Dear Bump 18/1/10: You have ears, so listen to your mum huh?

Dear Bump, there’s not a lot left to know about you. We know your sex and now, according to your mum, you have ears. To which, all I can say is: could you listen to your mum and stop knocking lumps out of her at all hours of the day. I’m starting to think you’ve got RockBand: The Uterus Version with the amount of thrashing about you’re doing in there. I mean play fair, your mum stopped using the home ultrasound kit listening to you after I pointed out that you were a baby and not an internal iPod (not that she had the headphones on a lot or anything) so return the kindness.

Having said that, I wonder if you’re doing morse code and asking your mum to change the channel on TV because – even though you’ve only existed for five or so months – you’re hearing all the same jokes from the constant reruns of Friends on E4 that your mum has on as background noise kinda constantly. (Not that the show is on much but the six characters are pretty much screenburnt into the TV now. Kinda strange watching Troy and wondering why the ghosts of Chandler and Joey are flanking Brad Pitt into battle.)
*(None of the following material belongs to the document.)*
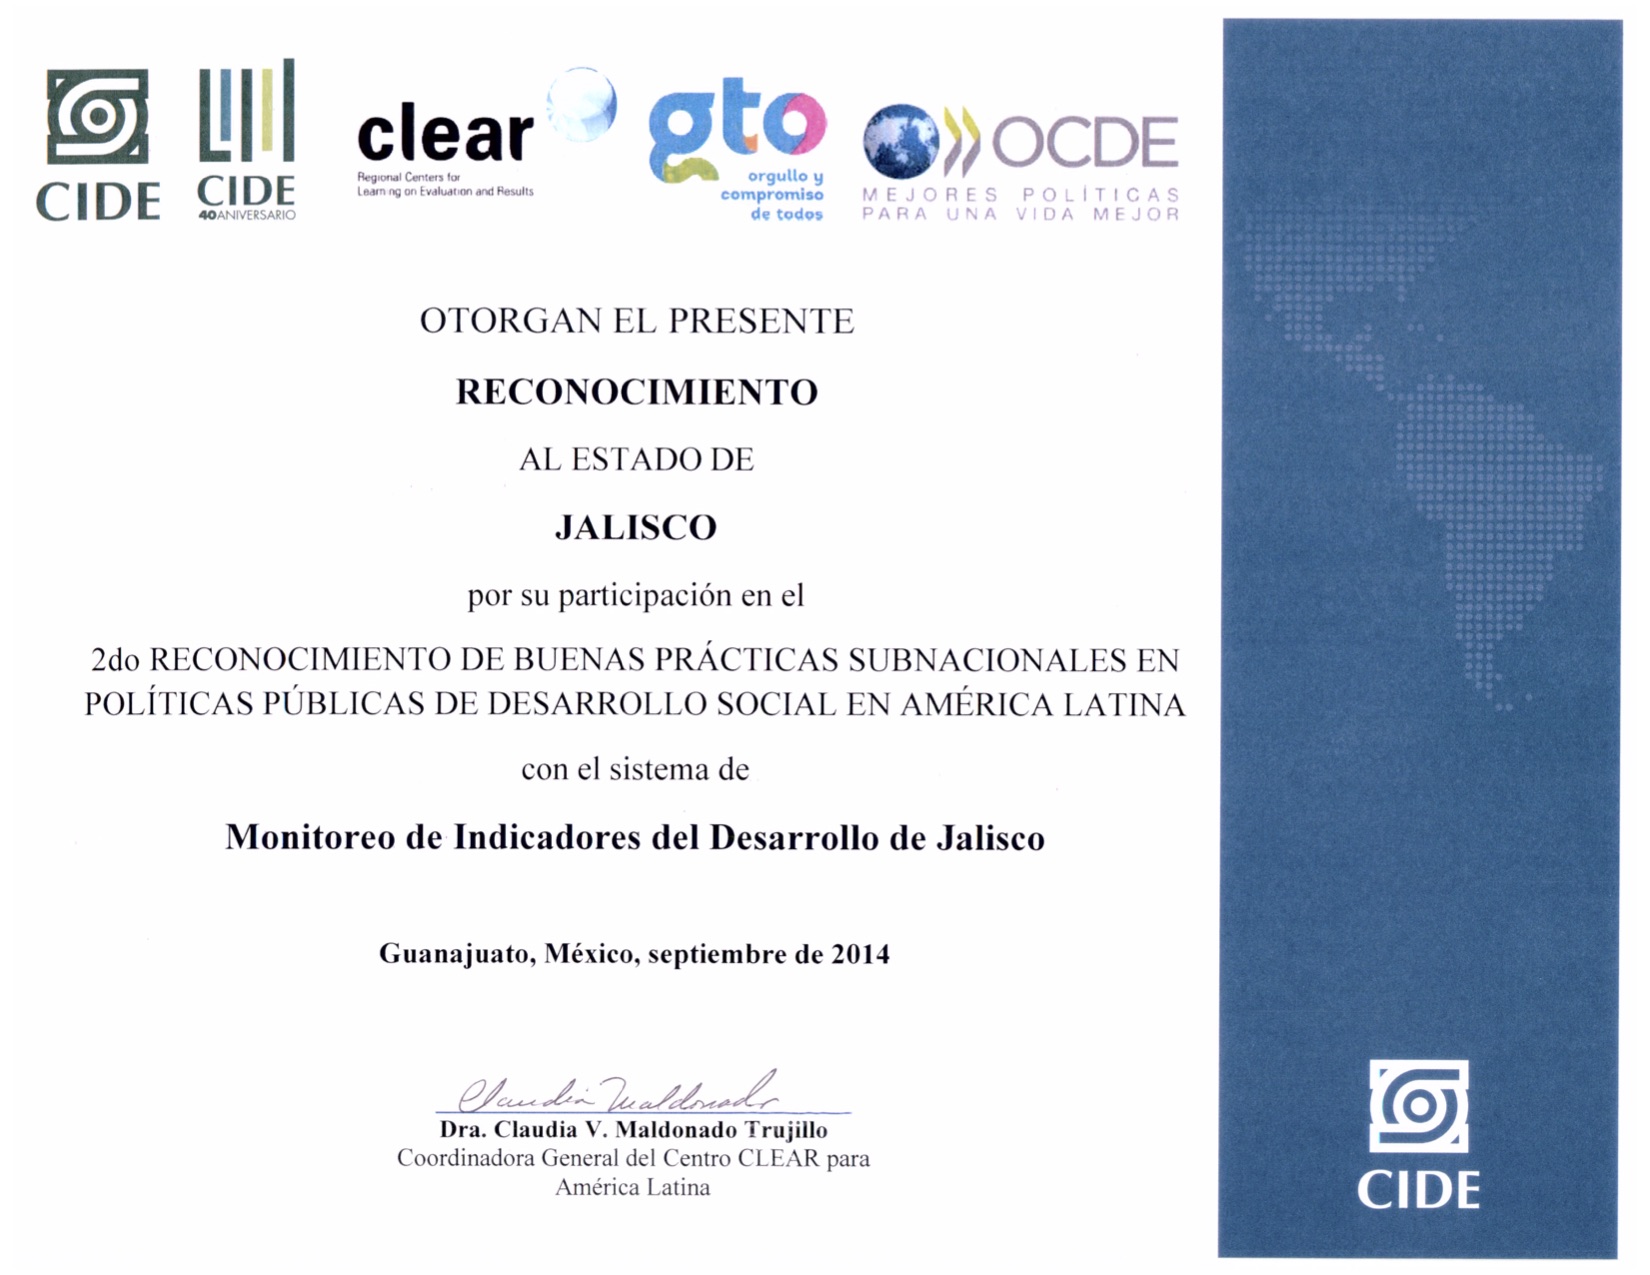 Monitoreo de Indicadores del Desarrollo de Jalisco (MIDE Jalisco), mención honorífica como buena práctica subnacional en Políticas Públicas de Desarrollo Social en América Latina
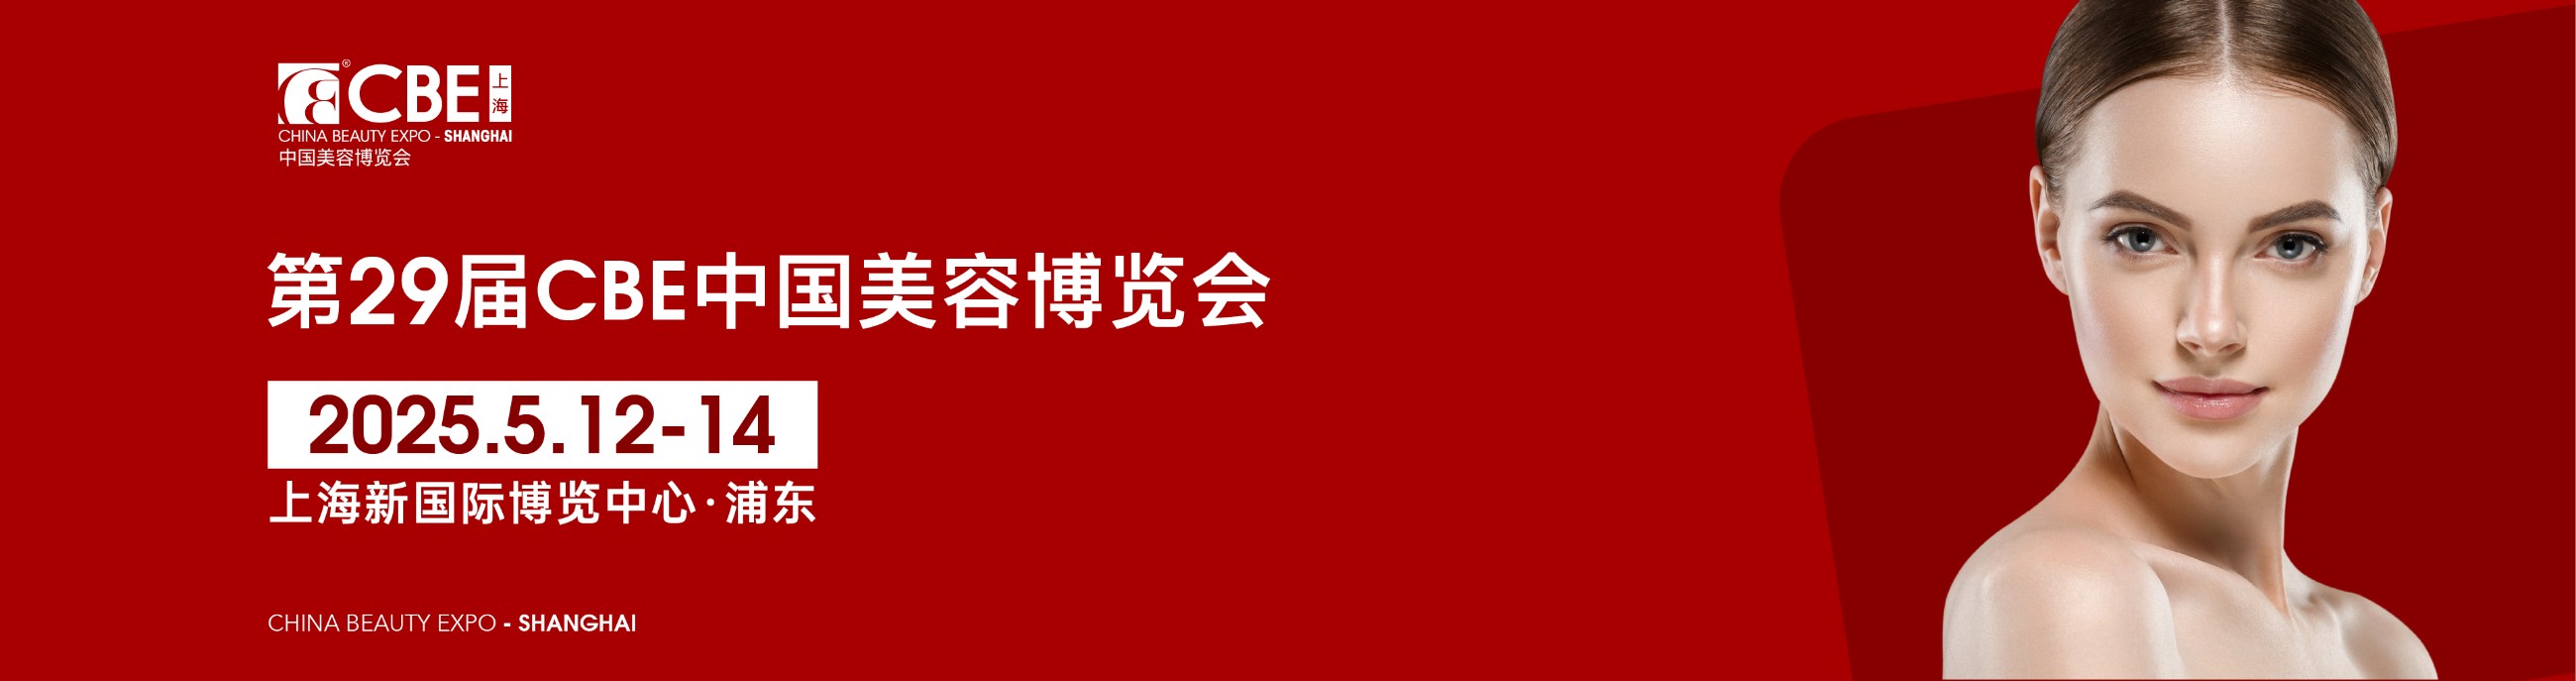 官网banner最新.jpg

I swear if your first words are “he was on a break” there’s going to be issues…

Dear Daughter 18/1/10: Dad trumps Disney

Dear Daughter, you are a little sook but I love you dearly for it.

After writing about your love of your inflatable Disney High School Musical bed your mum and I were concerned about you sleeping in it every night – and you certainly didn’t like me reminding you that it was for travel or guests. But at bedtime you pulled out a classic line that guarantees you a trip to the bear-making shop soon (or perhaps even a trying to arrange at least one of the holidays you want this year*): “Can’t get cuddles off Dadda in Disney bed. Go into big bed to get cuddles from Dadda as Dadda cuddles best.”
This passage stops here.